Postgresql being slow on count distinct for dates

performancepostgresqlquery-performance

I have a very simple, but very big, table.
Its schema is like this

(yadda int, yadda1 int, yaddate date, ... other stuff).

Now, yaddate has an index by itself and it is also in other indexes together with other columns (eg. (yadda1, date)).

The table itself is some 100M rows.

When I run

  select distinct date from mybigtable;

the time needed to get the list is in the range of 200 seconds.
Explain Analyze tells me it's doing a seq scan and I don't understand why, since I the index is there.

First thing I am trying is reindex on the date only column index.

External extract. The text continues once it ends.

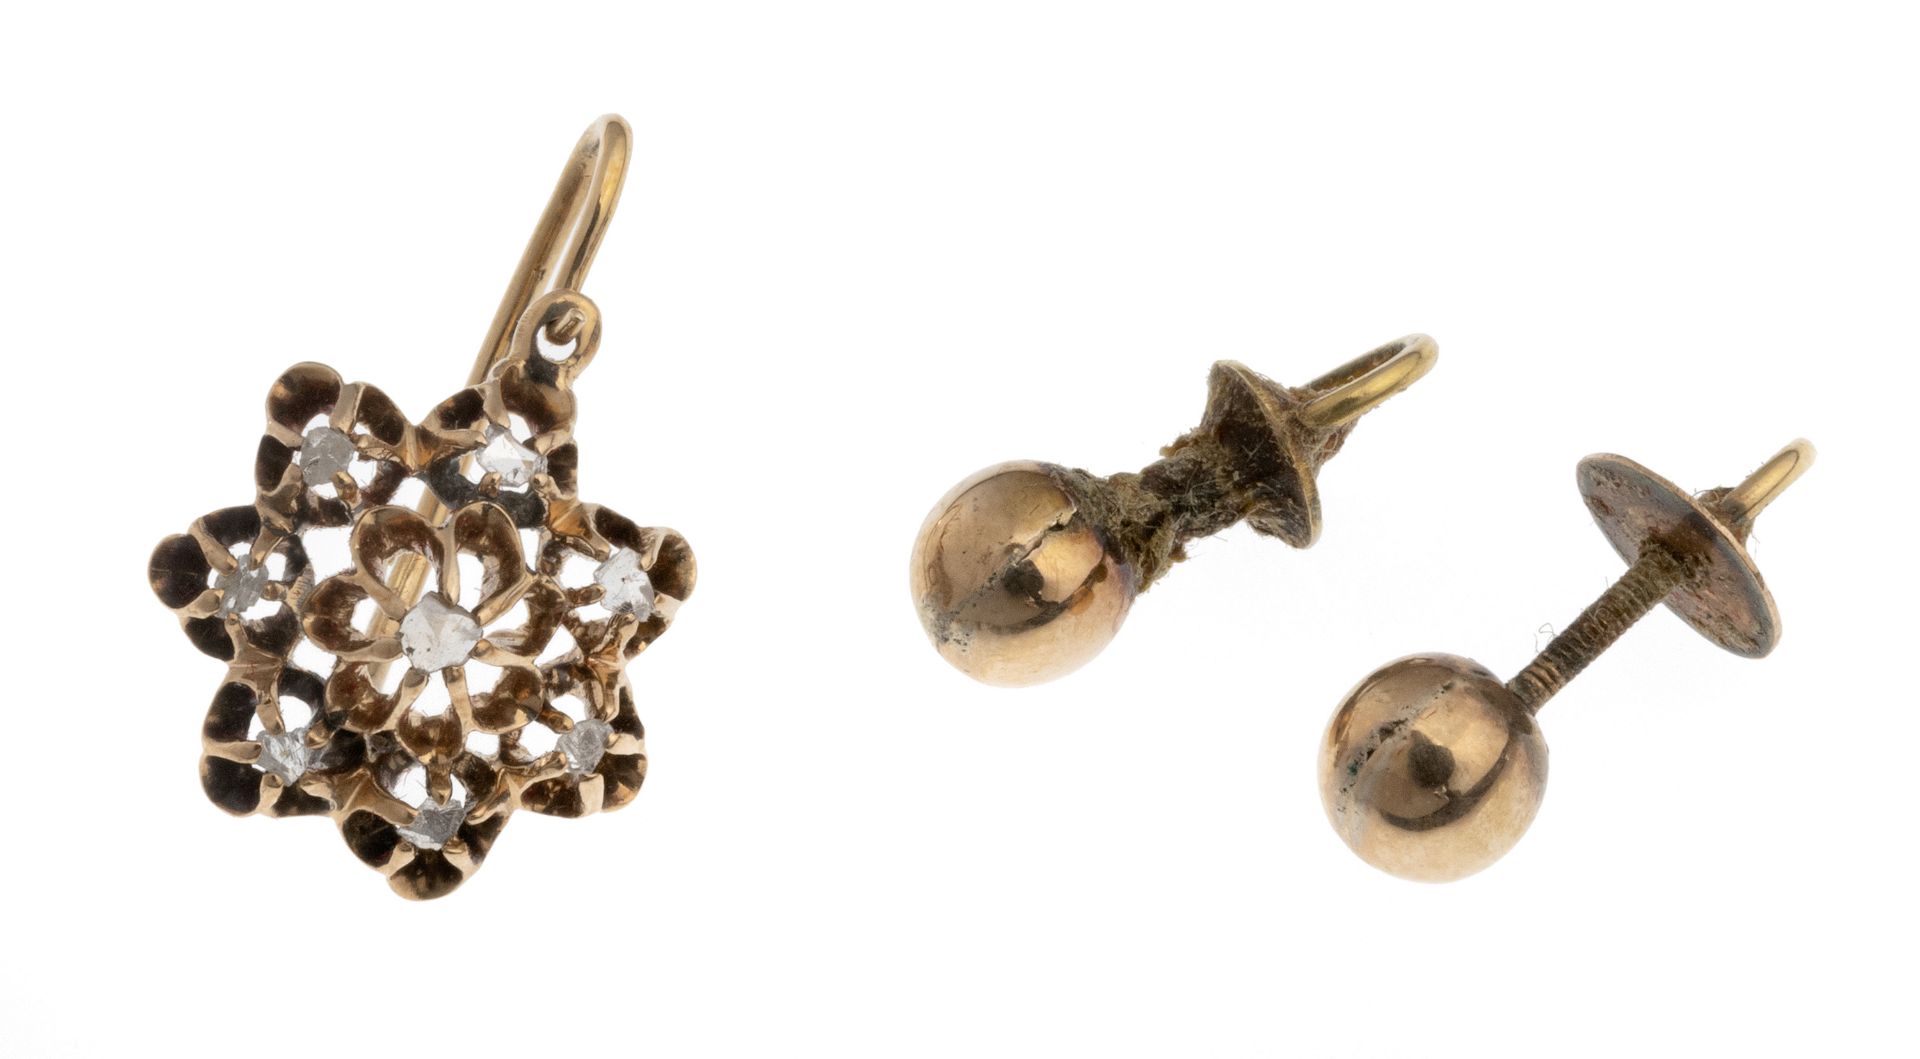 PAIR OF GOLD EARRINGS AND A GOLD SOLITAIRE EARRING

  1. Am I doing something wrong?
  2. Since obviously there's something I am missing about seq and index scan, can someone shed some light?
  3. How can I make that query faster?

TIA.

Best Answer

There is a trick with distinct to get it fast using index, that you can try. It involves creating a function looking like that:

CREATE OR REPLACE FUNCTION small_distinct(IN tablename character varying, IN fieldname character varying, IN sample anyelement DEFAULT '1800-01-01'::date)
  RETURNS SETOF anyelement AS
$BODY$
BEGIN
   EXECUTE 'SELECT '||fieldName||' FROM '||tableName||' ORDER BY '||fieldName
      ||' LIMIT 1'  INTO result;
   WHILE result IS NOT NULL LOOP
      RETURN NEXT;
      EXECUTE 'SELECT '||fieldName||' FROM '||tableName
         ||' WHERE '||fieldName||' > $1 ORDER BY ' || fieldName || ' LIMIT 1'
         INTO result USING result;
   END LOOP;
END;
$BODY$
  LANGUAGE plpgsql VOLATILE
  COST 100
  ROWS 1000;

Then create an index on the column you want to count distinct, and select small_distinct('yourtable', 'yaddate'); should return you the distinct values you want, without the need to read the table.

Try it, be beware, I'm not sure it will work right out of the box, as I quickly adapted it from a varchar function.